§ **Task prompt**:
When you reach the line containing "Agate & Tourmaline", begin reproducing the material exactly, stop after the line containing "Wacoal Gold, healthy", and leave out any pictures along the way.

§ **Study material**:

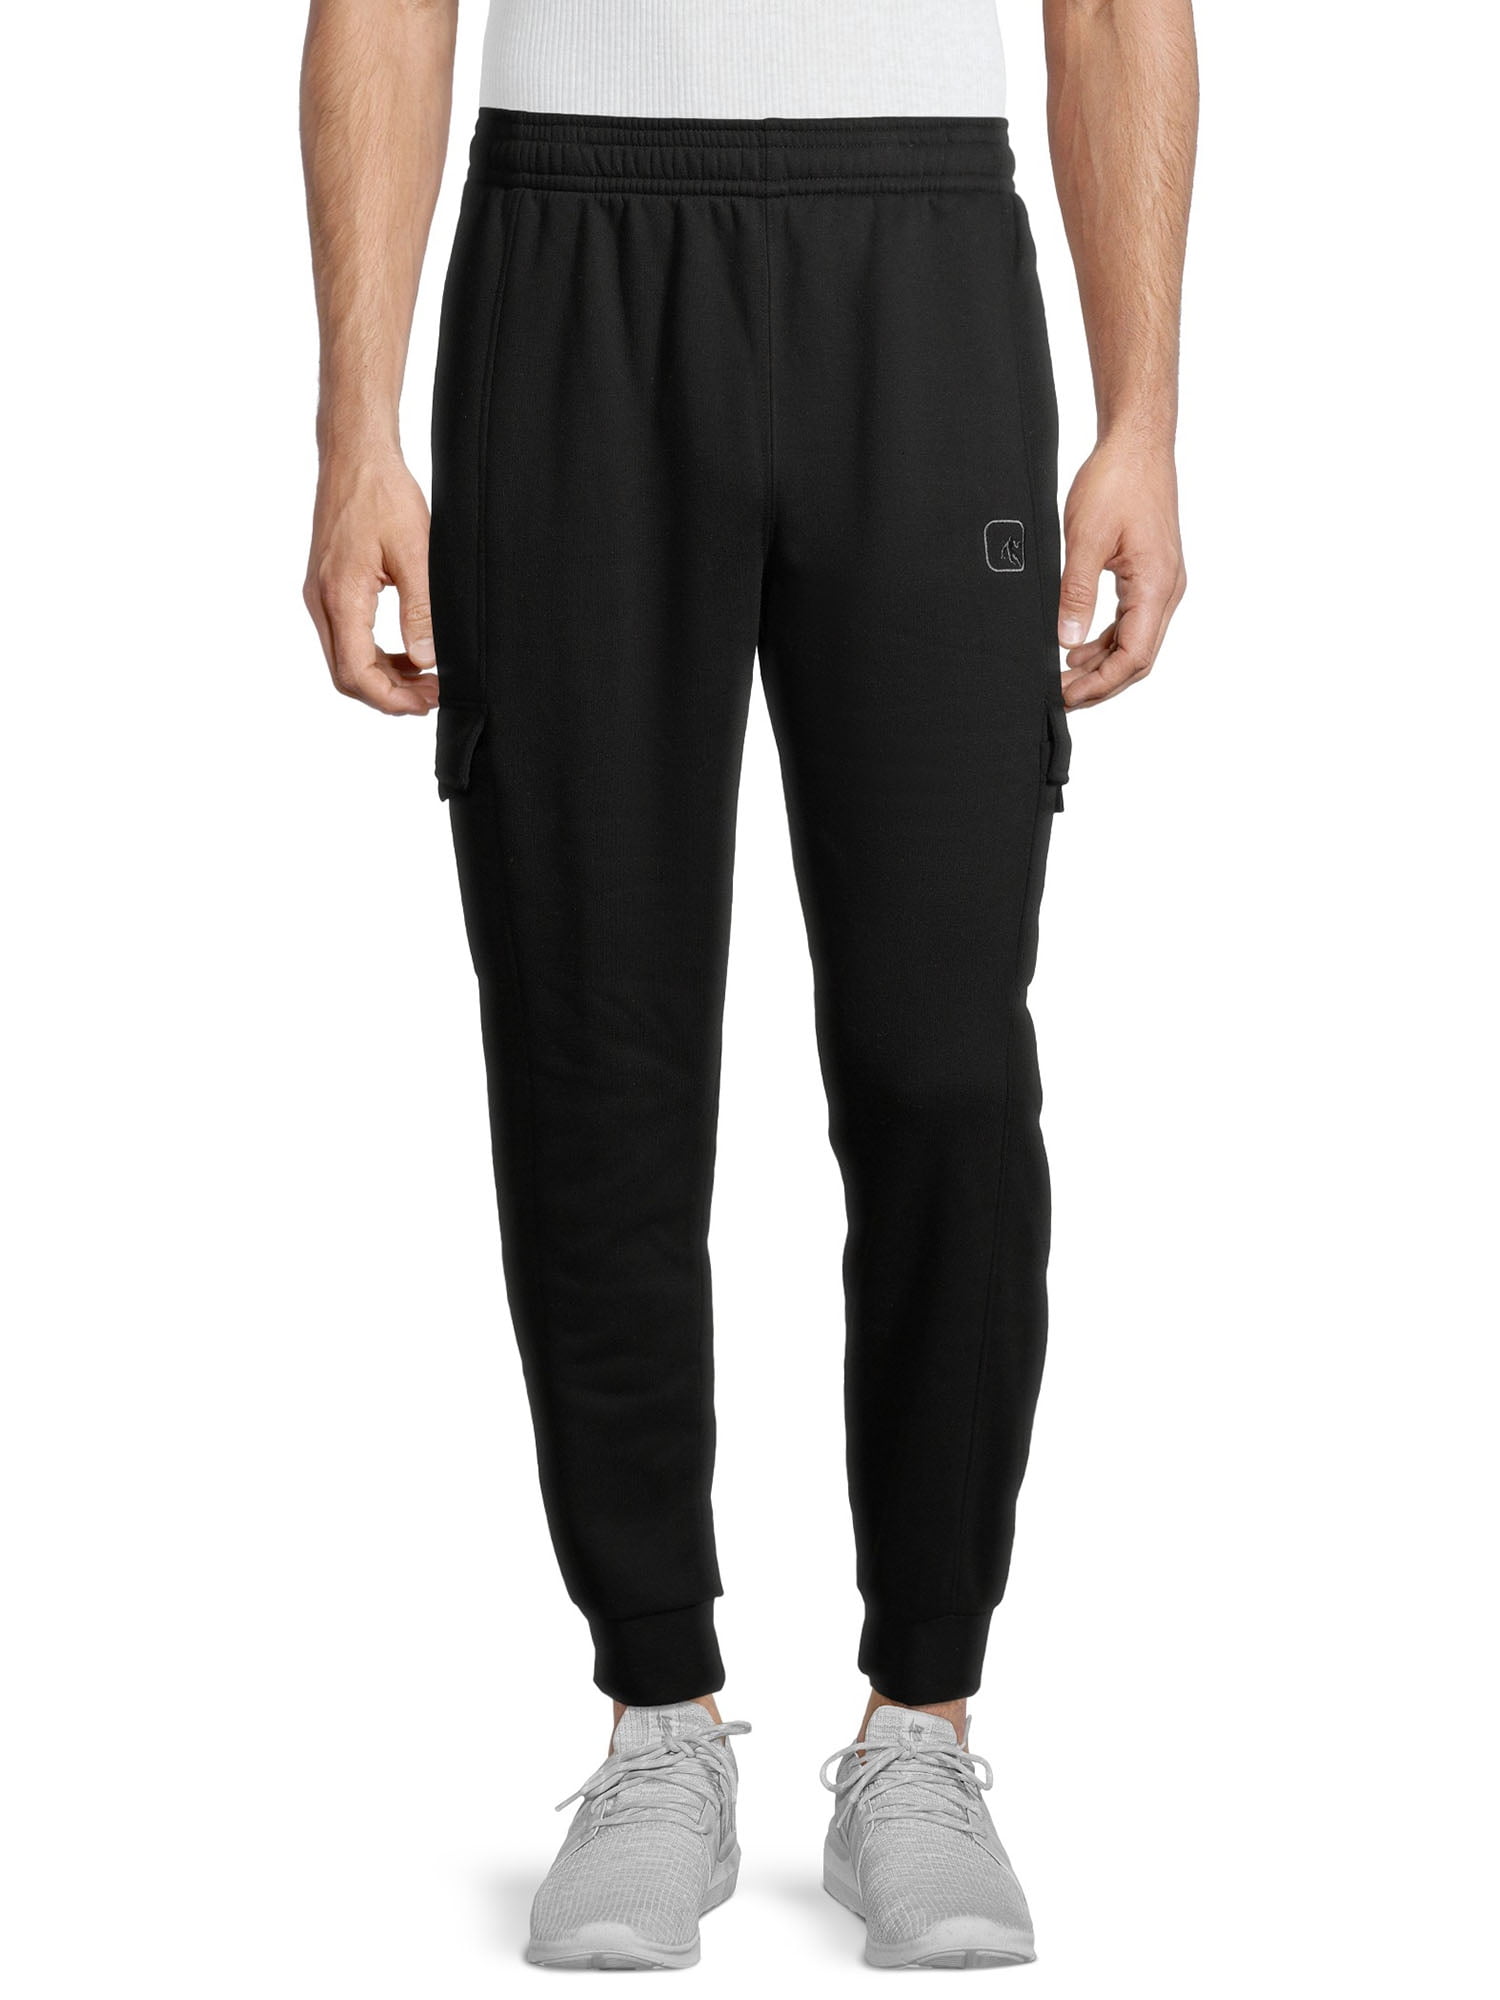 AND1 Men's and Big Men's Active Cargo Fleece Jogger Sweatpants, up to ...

--

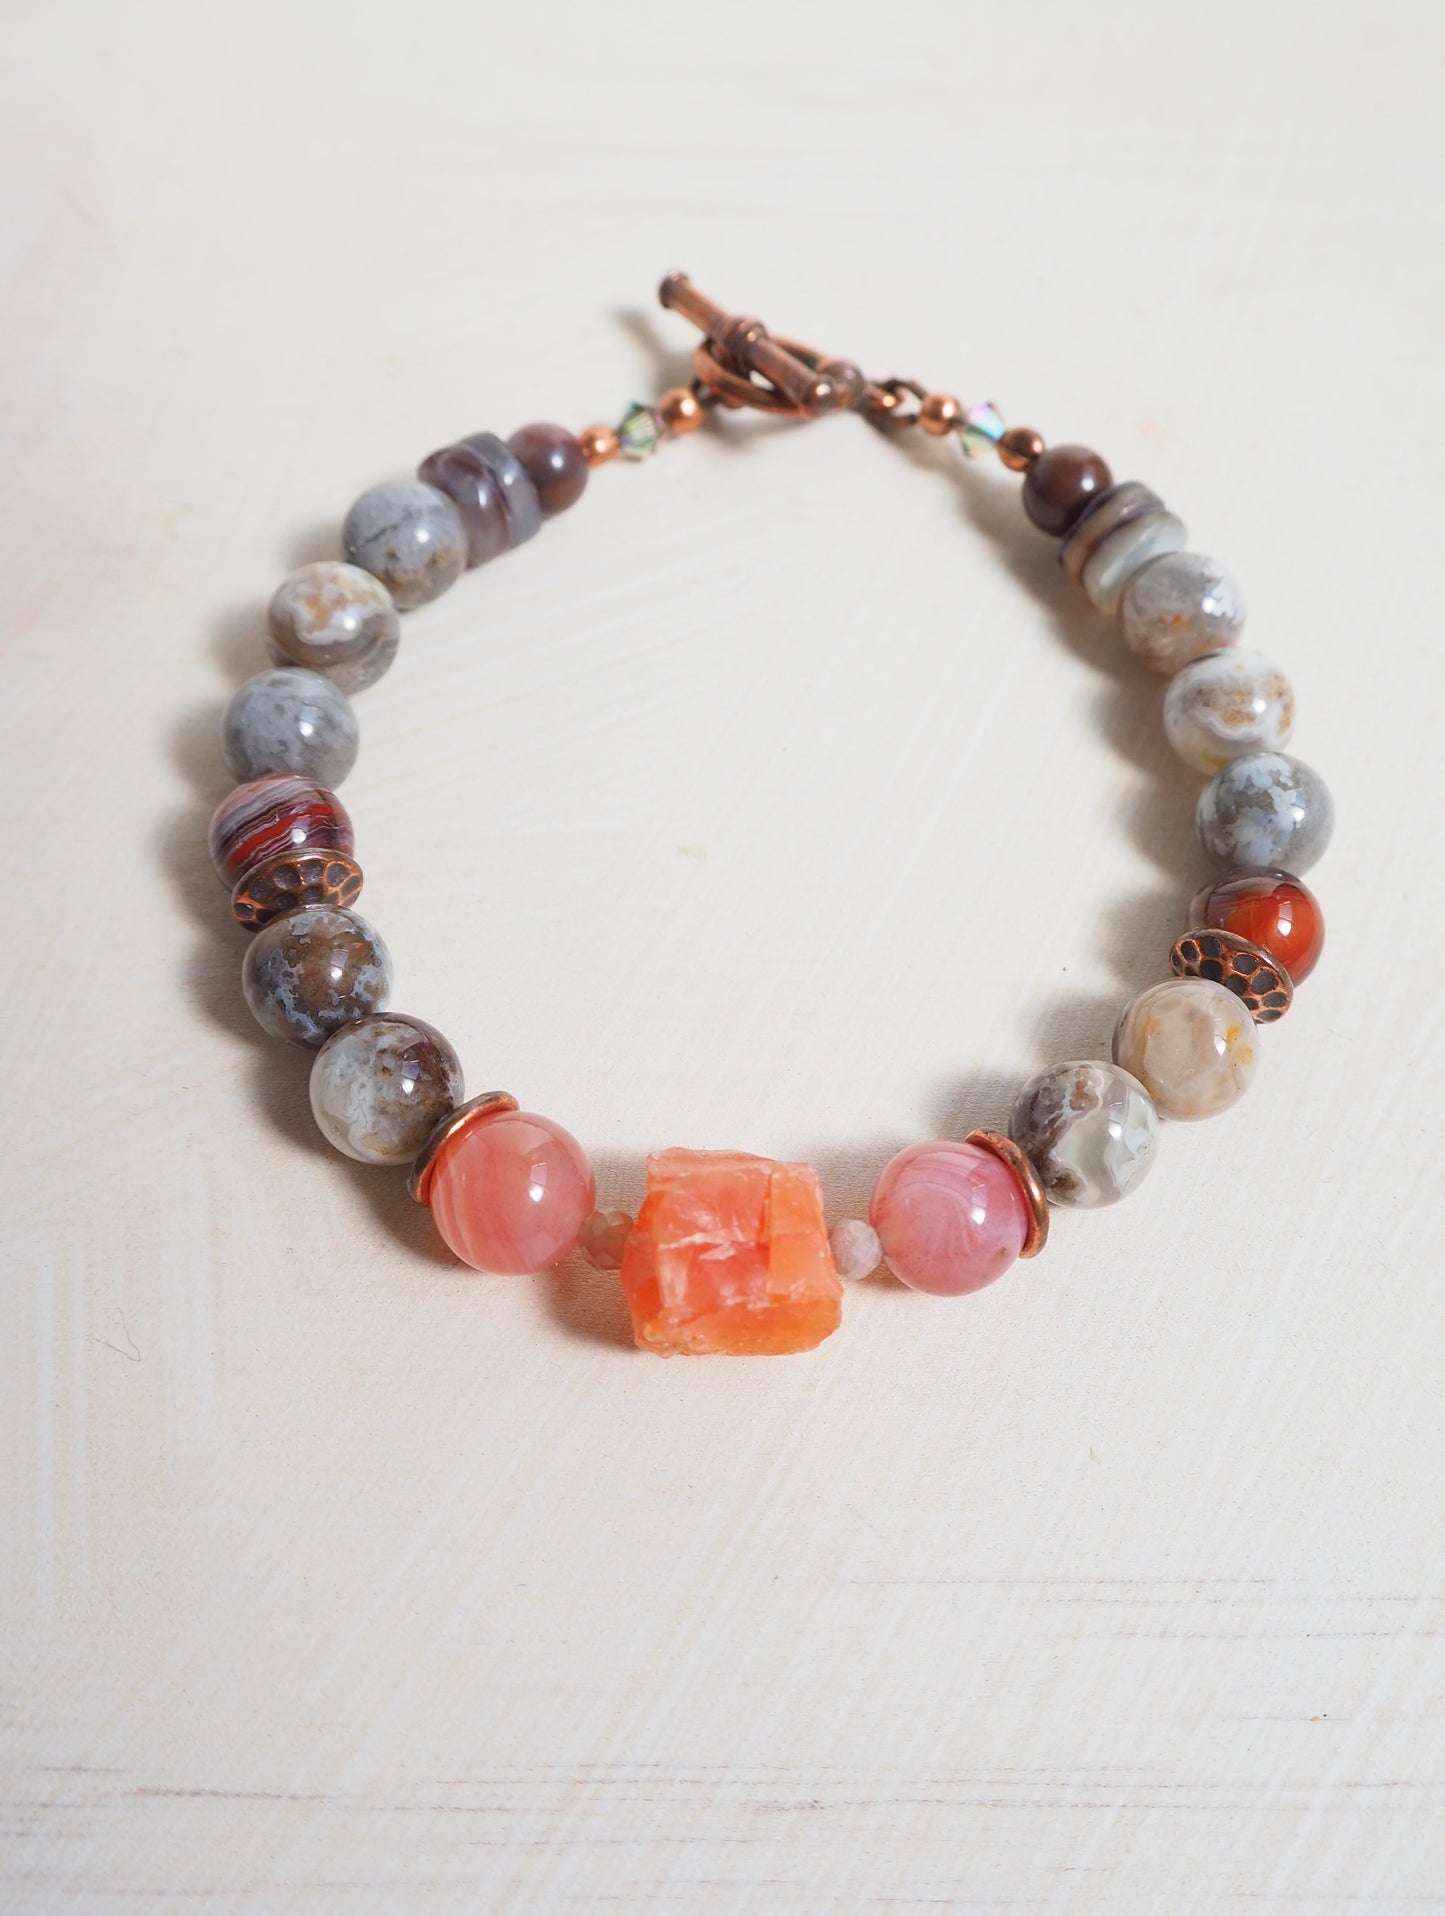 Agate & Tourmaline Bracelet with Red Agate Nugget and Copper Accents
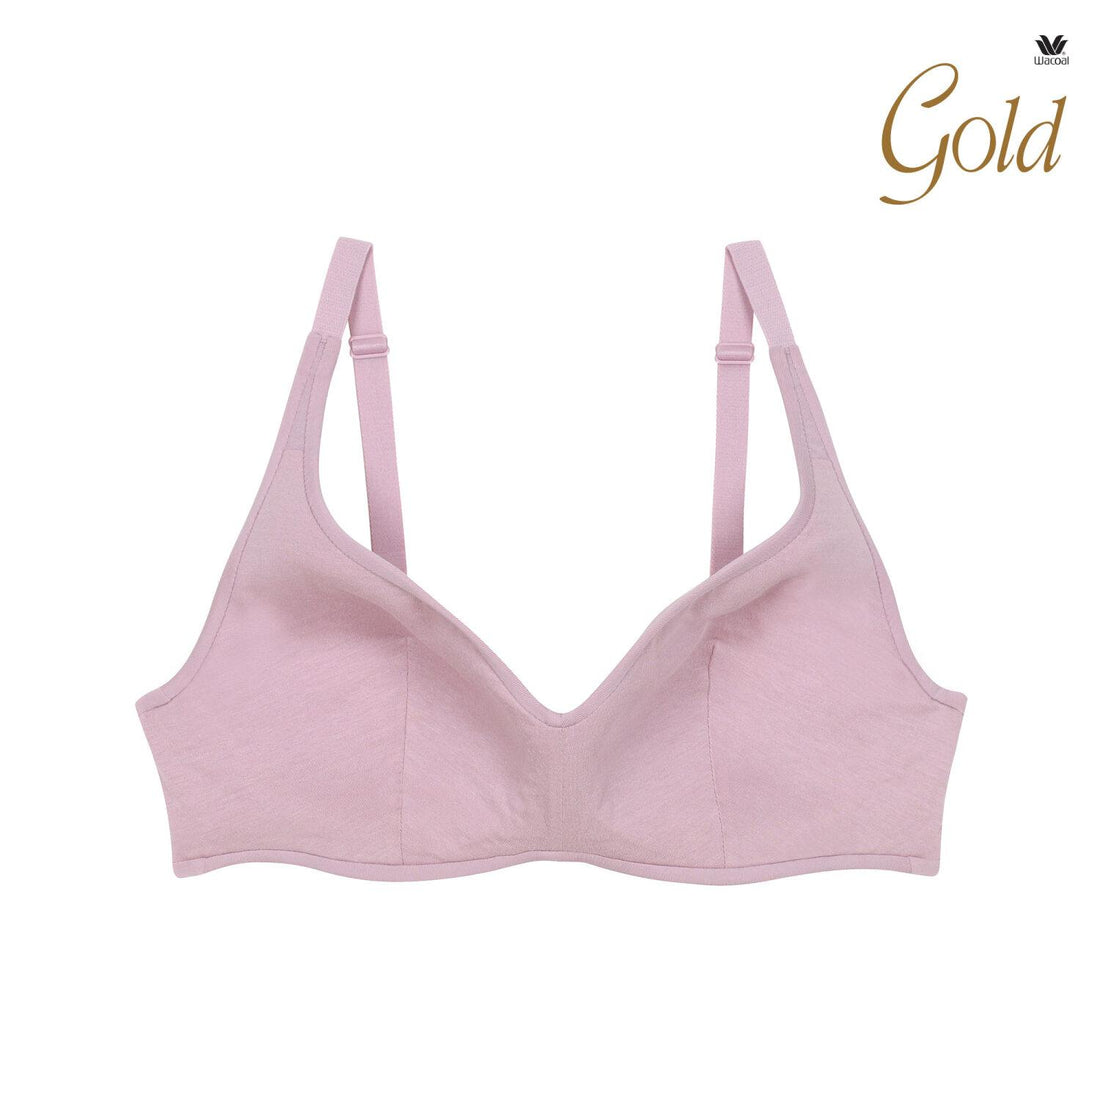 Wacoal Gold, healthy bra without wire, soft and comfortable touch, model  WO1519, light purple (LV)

§ **Result**:
 Agate & Tourmaline Bracelet with Red Agate Nugget and Copper Accents
 Wacoal Gold, healthy bra without wire, soft and comfortable touch, model  WO1519, light purple (LV)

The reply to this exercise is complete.